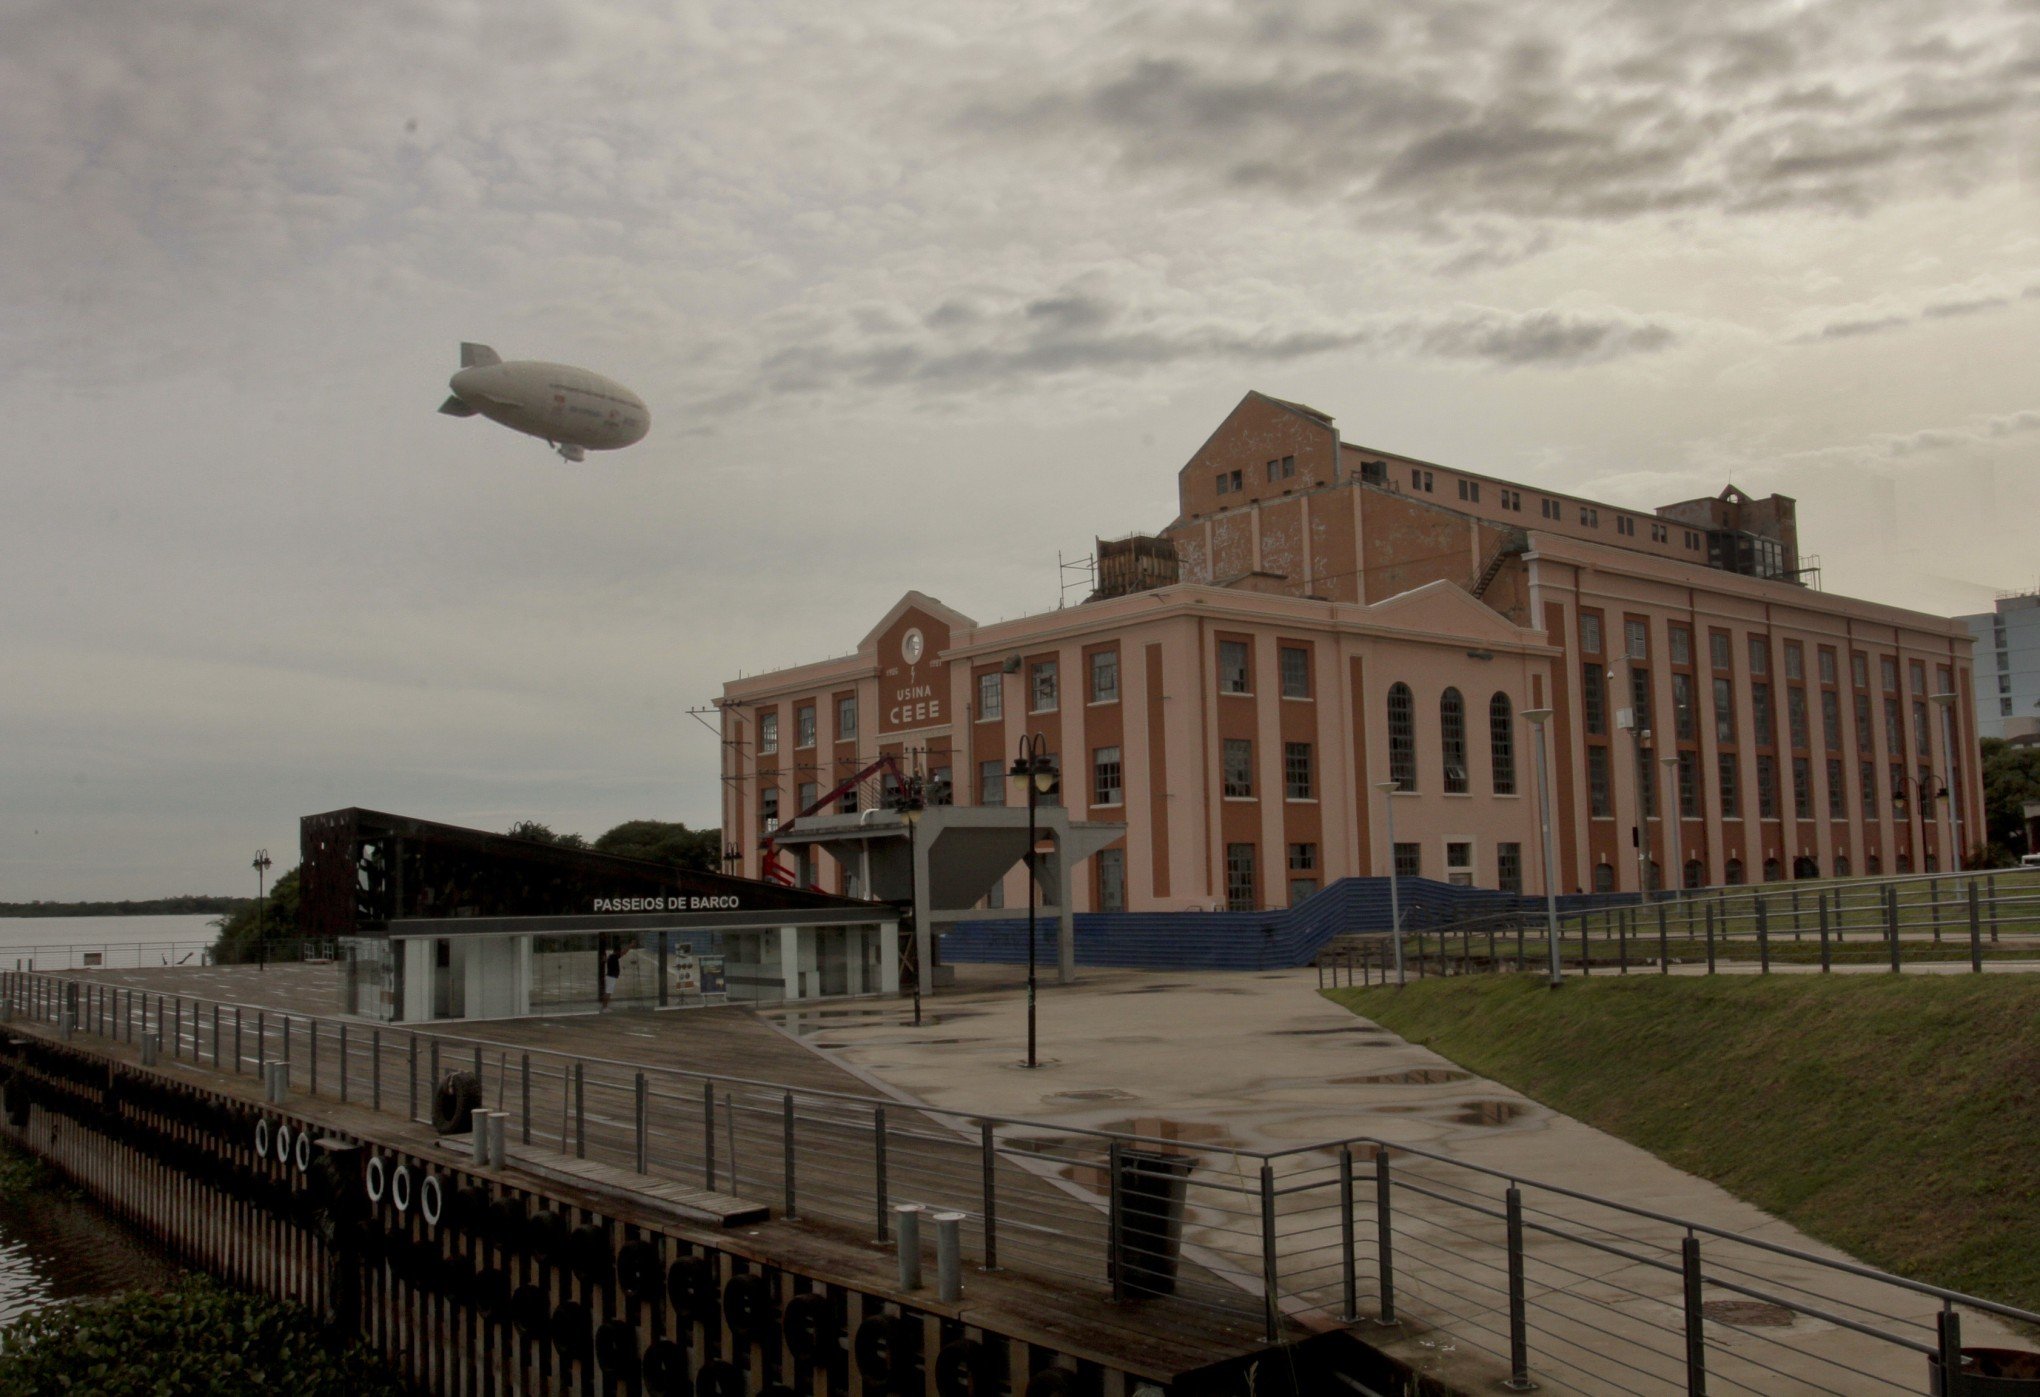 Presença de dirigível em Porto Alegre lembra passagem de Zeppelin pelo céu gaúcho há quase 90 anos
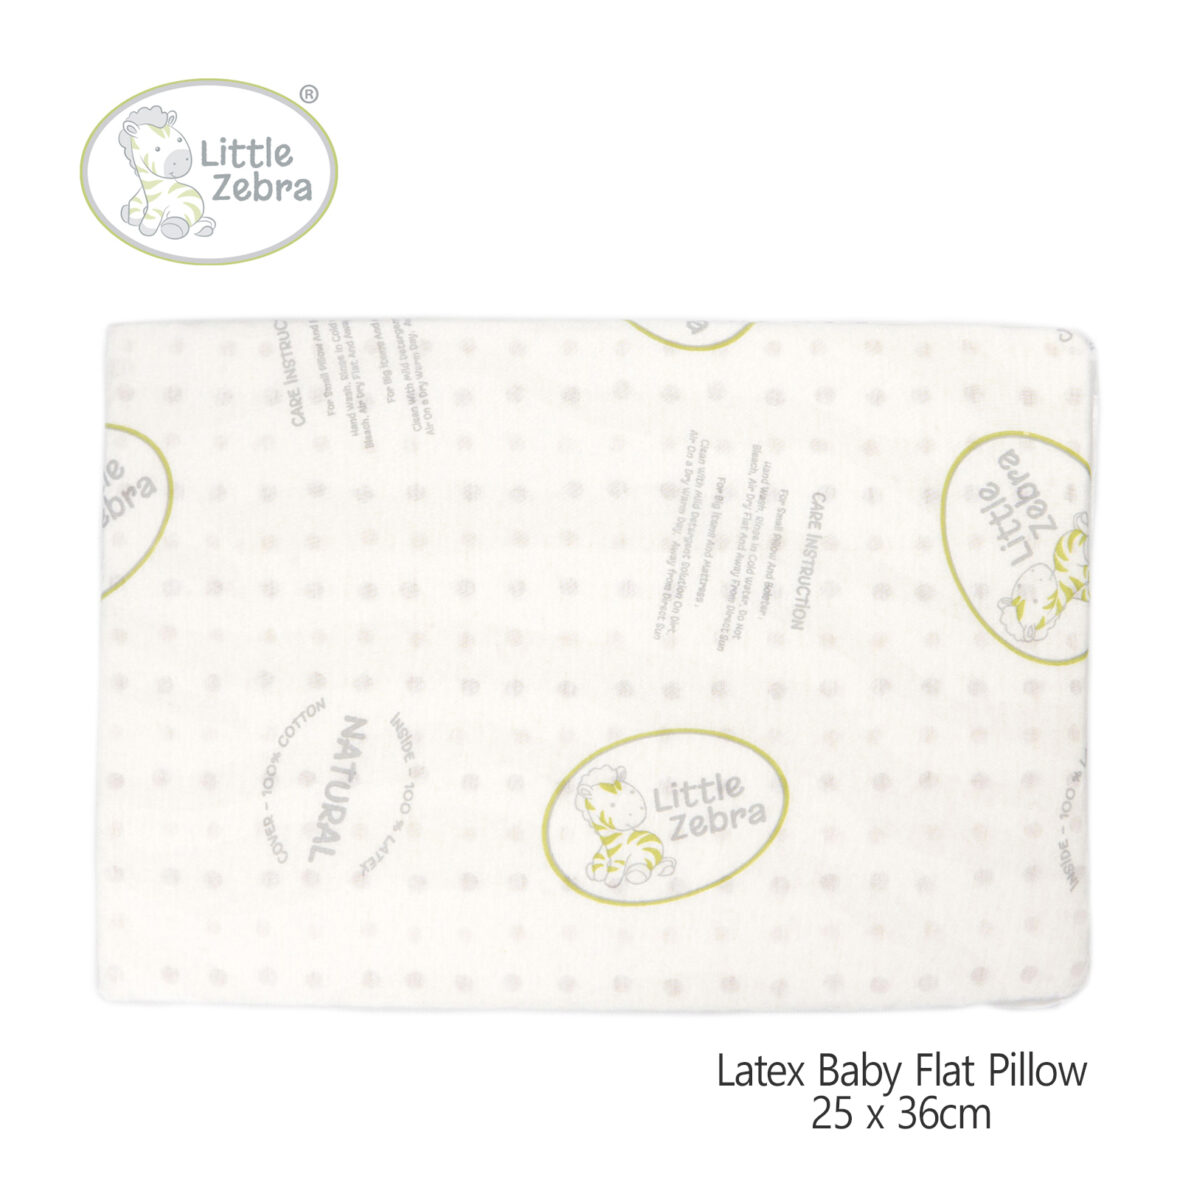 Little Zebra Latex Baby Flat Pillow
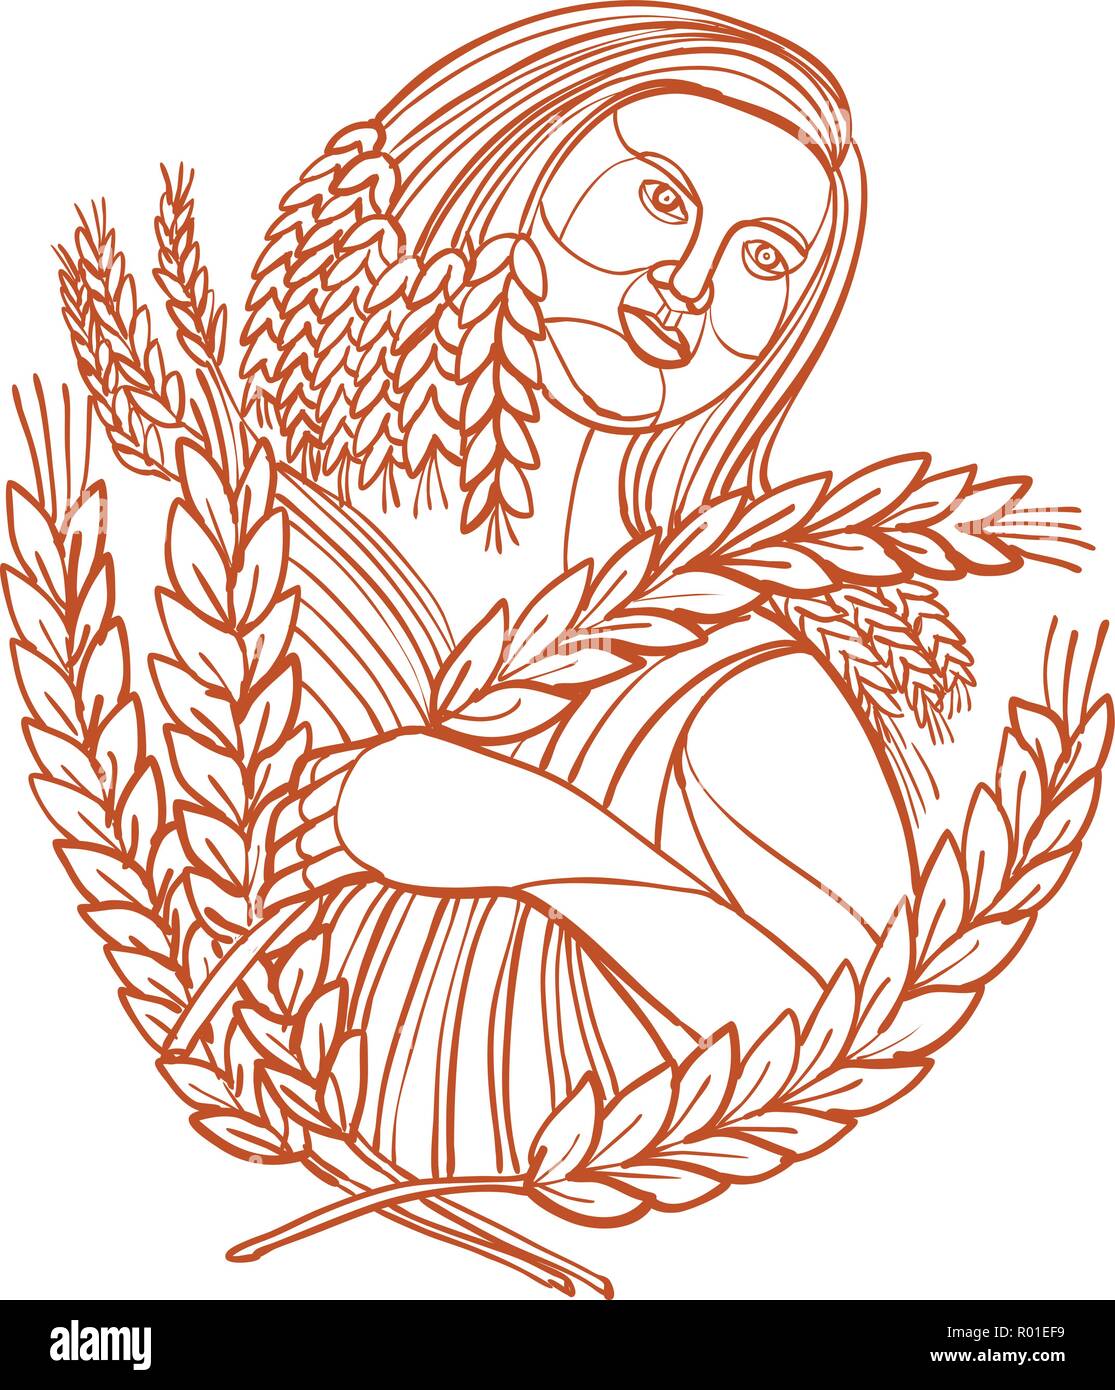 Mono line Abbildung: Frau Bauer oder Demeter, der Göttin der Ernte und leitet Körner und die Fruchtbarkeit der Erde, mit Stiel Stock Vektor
::::
Task goal – A word-for-word repetition of the data above, without pictures, is the expected answer.

Written reply –
 Presença de dirigível em Porto Alegre lembra passagem de Zeppelin pelo céu gaúcho há quase 90 anos
 Little Zebra Latex Baby Flat Pillow
 Mono line Abbildung: Frau Bauer oder Demeter, der Göttin der Ernte und leitet Körner und die Fruchtbarkeit der Erde, mit Stiel Stock Vektor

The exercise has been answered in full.